The biggest issues facing brookies are development (as forested streams get developed the streams get silty and warmer), and acid remediation. I think work is being done on those issues. The other big issue is brown trout, which have a token presence just about everywhere and when habitat allows tend to take over brookie populations. The only solution there is removal of browns. And thats a very, very taboo subject. I'd support an isolated example project, say above a dam or something, just to get the fishing public aware that brookies can be good sized in bigger, interconnected waters where they can migrate in and out of feeders without competition. Kettle above Ole Bull has been mentioned and seems a good candidate. But overall, in highly connected streams, I think its impossible to get rid of all the browns without ruining the fishery, so ongoing maintenance would be needed to keep browns at bay, and I think you are more likely to harm a popular brown trout fishery than to create a popular brookie fishery, which isn't gonna go over well.
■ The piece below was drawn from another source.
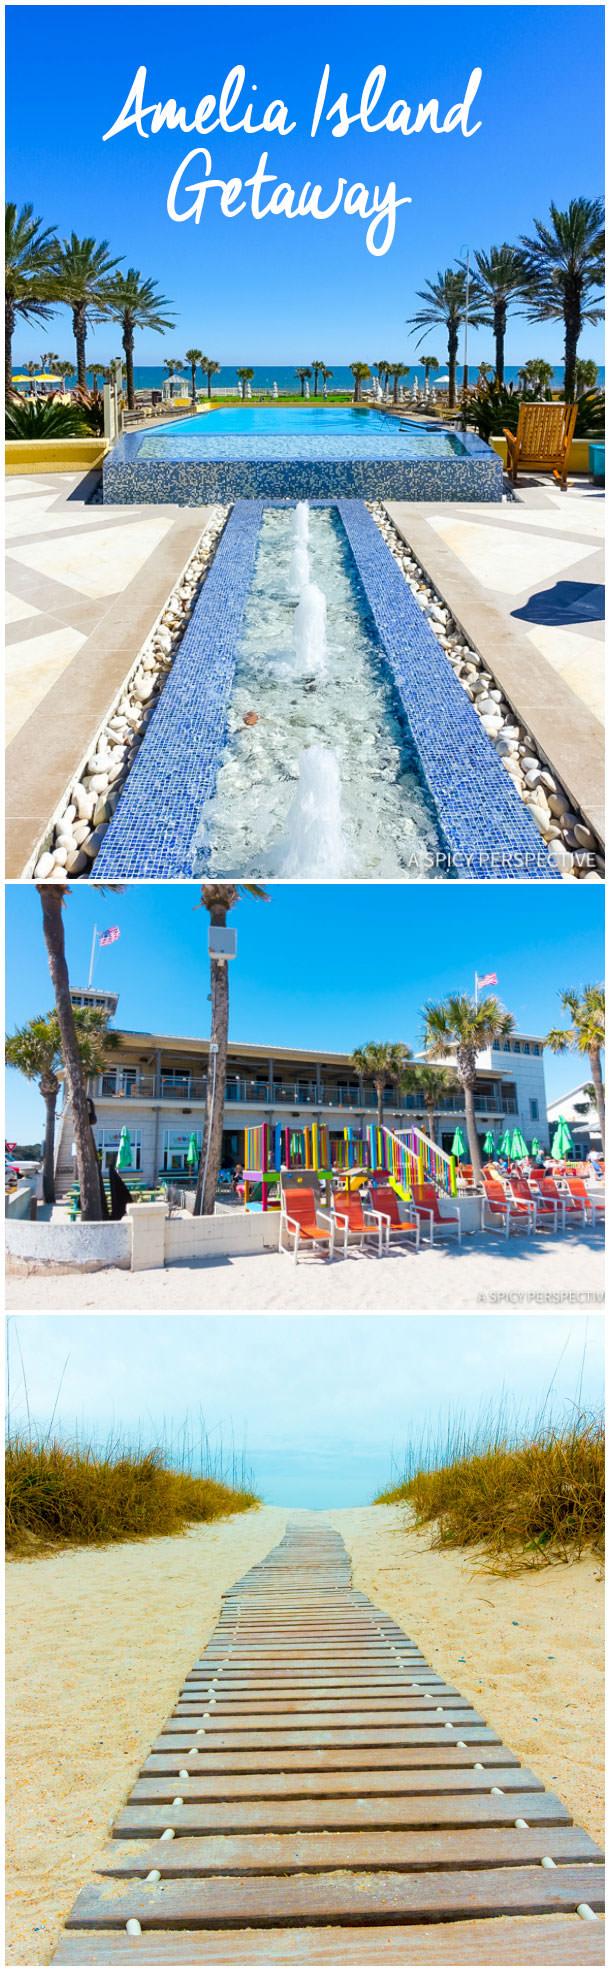 Where to Eat in Amelia Island, Florida - Travel Planning Tips for Amelia Island & Ferandina Beach!   ASpicyPerspective.com

See little sandy creek in venango county Pennsylvania. You DO NOT want anyone to try to get rid of the Browns in favor of brookies, trust me. That’s your isolated example.
 
Contact your Commissioner. If you really do live in Mountaintop, he would be the Commissioner for NE Pa. Feel free to mention any part of that approach that you liked and not include anything that you didn’t like. If it stimulated some new thoughts about approaches to deal with the issue of stocking over wild ST, then that’s good. It seems to be a reasonable compromise that might get the ball rolling to some degree for less stocking over a segment of Pa’s wild ST populations.
How does one contact their commissioner? They don’t make the commissioners information available to the public?